In contrast to the slow differentiation of human stem cells, mouse stem cells differentiate substantially more quickly, reflecting a 20-day rather than a nine-month gestation timeline [5,11,12]. For example, mature neurons are produced in only 5–14 days from mouse ES cells, while the same cell types can take several months to generate from human embryonic stem (hES) cells [7,13–15]. It remains unknown if the developmental pace of one species can influence that of another. Previously, we found that hES cell differentiation was not accelerated in teratomas developed in a mouse despite being exposed to murine host factors [1]. However, we did not test whether factors active during murine embryonic development could be sufficient to accelerate hES cell differentiation.
Here, we investigated whether hES cells co-differentiated among mouse pluripotent stem cells could accelerate their developmental rate. Under neural differentiation of chimeric co-cultures, we found earlier upregulation and peak expression of hundreds of genes involved in neurogenesis, neuron maturation, and synapse signaling compared to hES cells alone. The accelerated effects were dose-dependent on the starting ratios of human-mouse cells in co-cultures, and chimeric cultures correlated to in utero human embryonic samples earlier than human cells alone. We also describe temporal differences in gene expression levels related to cell type and brain region identity, suggesting there may be other nuanced effects on gene expression from chimeric co-culture conditions. Overall, we demonstrate that chimeric human-mouse culture conditions are sufficient to accelerate elements of human stem cell differentiation.
Results
Comprehensive RNA-sequencing time course of neural differentiation in chimeric human-mouse co-cultures
We previously described a detailed RNA-sequencing (RNA-seq) time course of mouse and human pluripotent stem cells over three- or six-weeks of neural differentiation, respectively, to characterize the drastically different species-specific rates of development in vitro [1]. Here, we set out to determine if co-differentiating human cells with mouse cells together could induce the human cells to differentiation at a quickened pace. Since hES cells are thought to more closely represent a post-implantation pluripotent stage, we used the similarly-staged mouse Epiblast stem (mEpiS) cells to compare with H9 hES cells [16–18]. To identify cells from each species, we used mEpiS cells constitutively expressing cytoplasmic efficient green fluorescent protein (EGFP) and H9 cells expressing nuclear-localized H2B-mCherry (Fig 1).
To maximize any potential mouse-induced effects on human differentiation rate, we began by outnumbering human cells with the more quickly differentiating mouse cells in a ten-to-one ratio. 10% human co-cultured cells (H10), along with 100% mouse (M100) or 100% human (H100) control samples, were cultured under identical neural differentiation culture conditions (see Materials and Methods) and samples in triplicate were collected for RNA-seq every 24 or 48 hours for six weeks (Fig 1).
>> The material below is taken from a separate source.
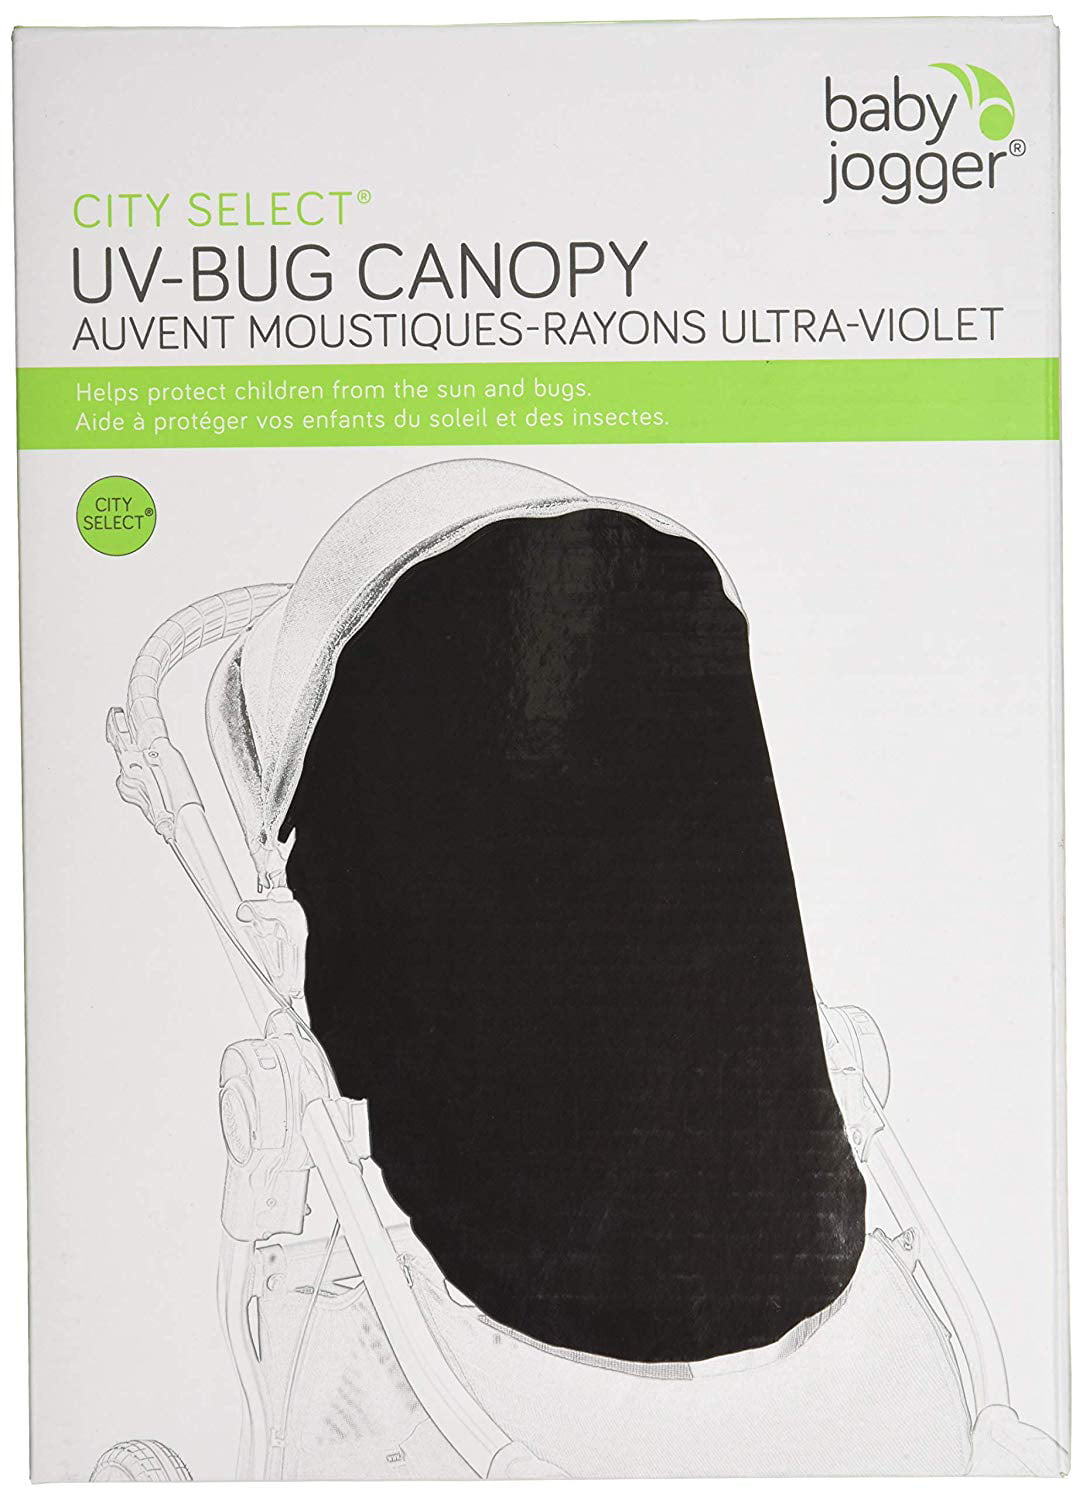 city select uv bug canopy

To minimize any confounding of results with known differences in cell cycle and cell fate choices due to differences in cell densities [19–23], interspecies cell seeding confluencies were kept constant across species mixtures. After aligning transcripts to a combined human-mouse transcriptome to derive species-specific expression from the chimeric samples, samples passing quality control parameters (S1 Fig, see Materials and Methods) were processed for correlation analysis, fitted with gene expression patterns using the segmentation regression analysis R-package Trendy [24], and the timing of expression pattern changes were compared across samples (Fig 1).
Although mouse and human cells were singularized before seeding, time lapse microscopy revealed that, despite the clear occurrence of interspecies cell-cell interactions, cells preferentially clustered and proliferated with cells of their own species (Fig 2 and S1 and S2 Movies). Flow cytometry analysis revealed that while the intended starting cell ratios were seeded, as mouse cells differentiated quickly to become post-mitotic neurons, the still-proliferating human progenitor cells eventually overtook the culture. By day 12 of differentiation ~50% of H10 samples were of human composition, and by day 16 over 75% of samples were human cells (S2 Fig).
Human neurogenic and synaptic genes were upregulated earlier in human-mouse chimeric co-cultures
To determine if gene expression patterns were accelerated in chimeric co-cultures, genes with fitted expression trends were compared between neural differentiation of human cells alone (H100) versus cells in a co-culture of 10% human cells mixed with 90% mouse cells (H10). We first asked if upregulated genes (genes trending up immediately or genes showing no change and then trending up) were upregulated earlier in mixed compared to control samples. Our bioinformatic analysis revealed that 929 genes were upregulated significantly earlier (S1 Data) (begin up trending at least 2 days earlier) in H10 versus H100 samples, representing over 57% of all genes that trend up in both H10 and H100, excluding genes that begin to trend up on day 0 in both cases (Fig 3A). We recognized several well-described neurogenic genes identified as accelerated in this early-upregulated category (S3A Fig), including genes involved in neural differentiation and migration (e.g., STMN2, DCX, NEFL, NEUROG2, MYT1, MAPT), neuronal signaling and synapse transmission (e.g., SNAP25, SYT3, SYT4, SYN1), neural stem cell identity (e.g., FABP7, FGF10), and glutamatergic and GABAergic neurons (e.g., SLC1A3, GRIN2D, GABRA1; Fig 3E). Therefore, genes from a seemingly wide range of neurodevelopmental functions were upregulated earlier under chimeric differentiation conditions.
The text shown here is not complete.